_Given information_

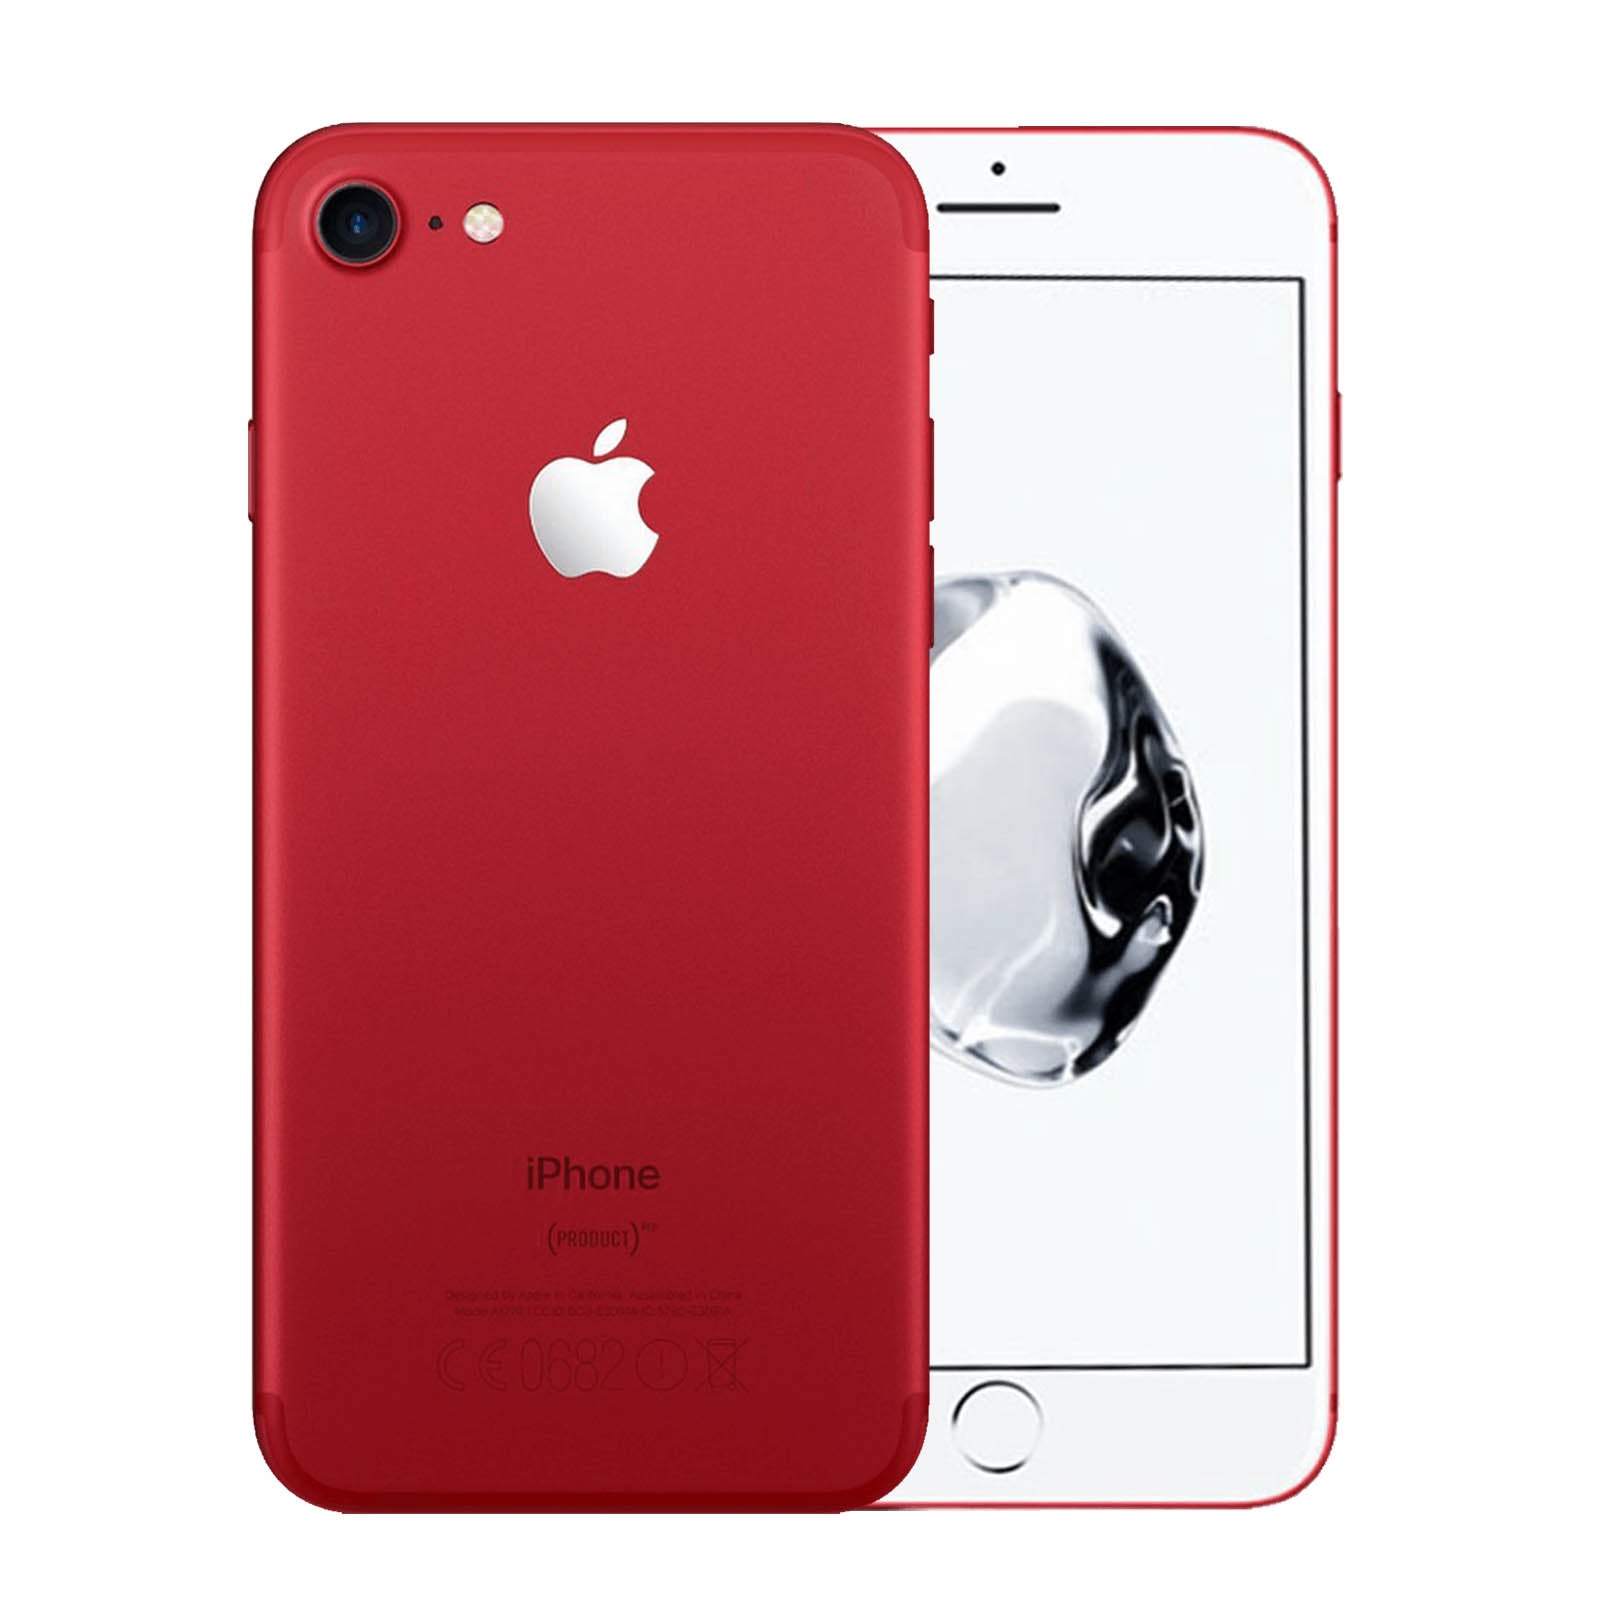 Apple iPhone 7 256GB Product Red Razonable - Desbloqueado
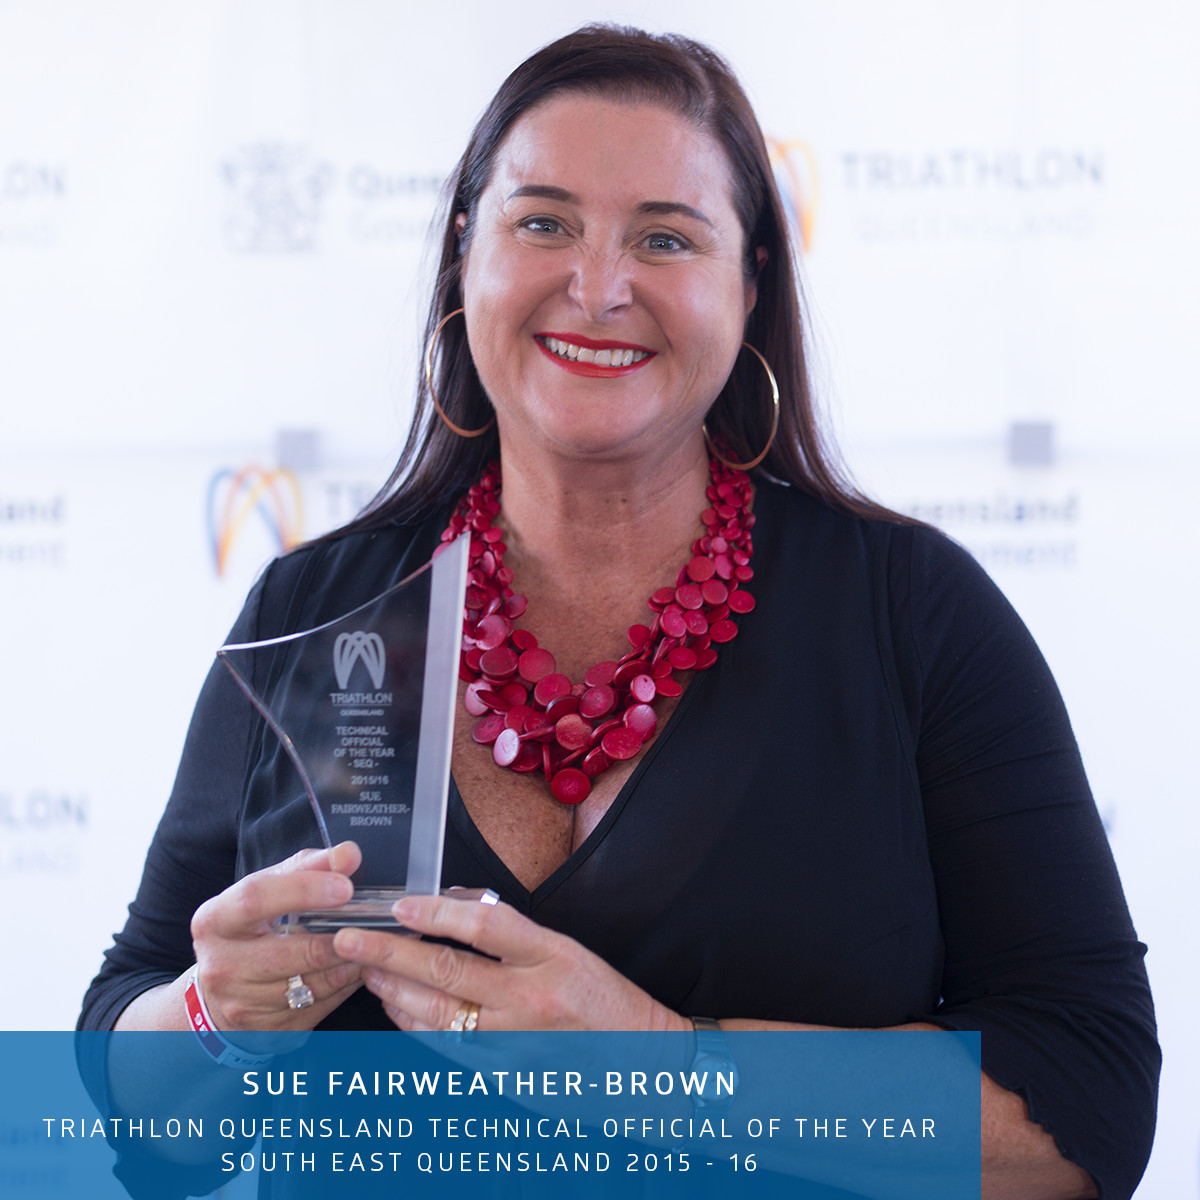 Sue Fairweather-Brown
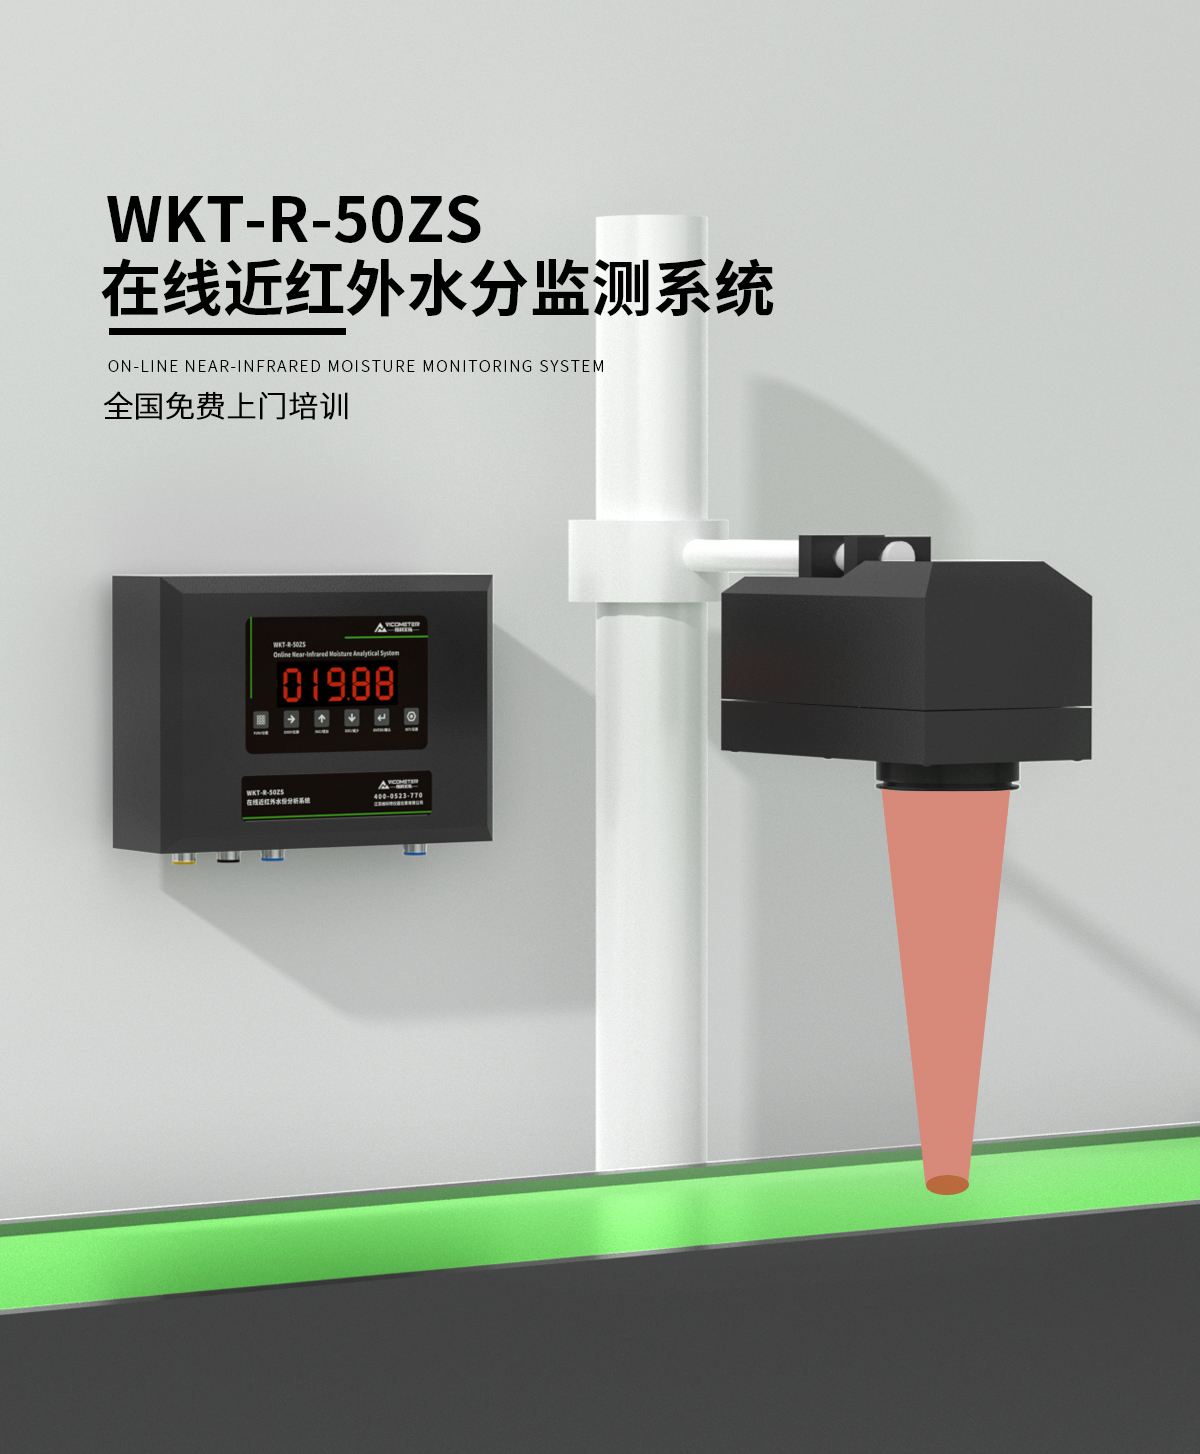 WKT-R-50ZS在线近红外水分监测系统_01.jpg

_Problem statement_
Make an exact copy of the listing. Do not carry over its pictures.

_Your response_
 Apple iPhone 7 256GB Product Red Razonable - Desbloqueado
 Sue Fairweather-Brown
 WKT-R-50ZS在线近红外水分监测系统_01.jpg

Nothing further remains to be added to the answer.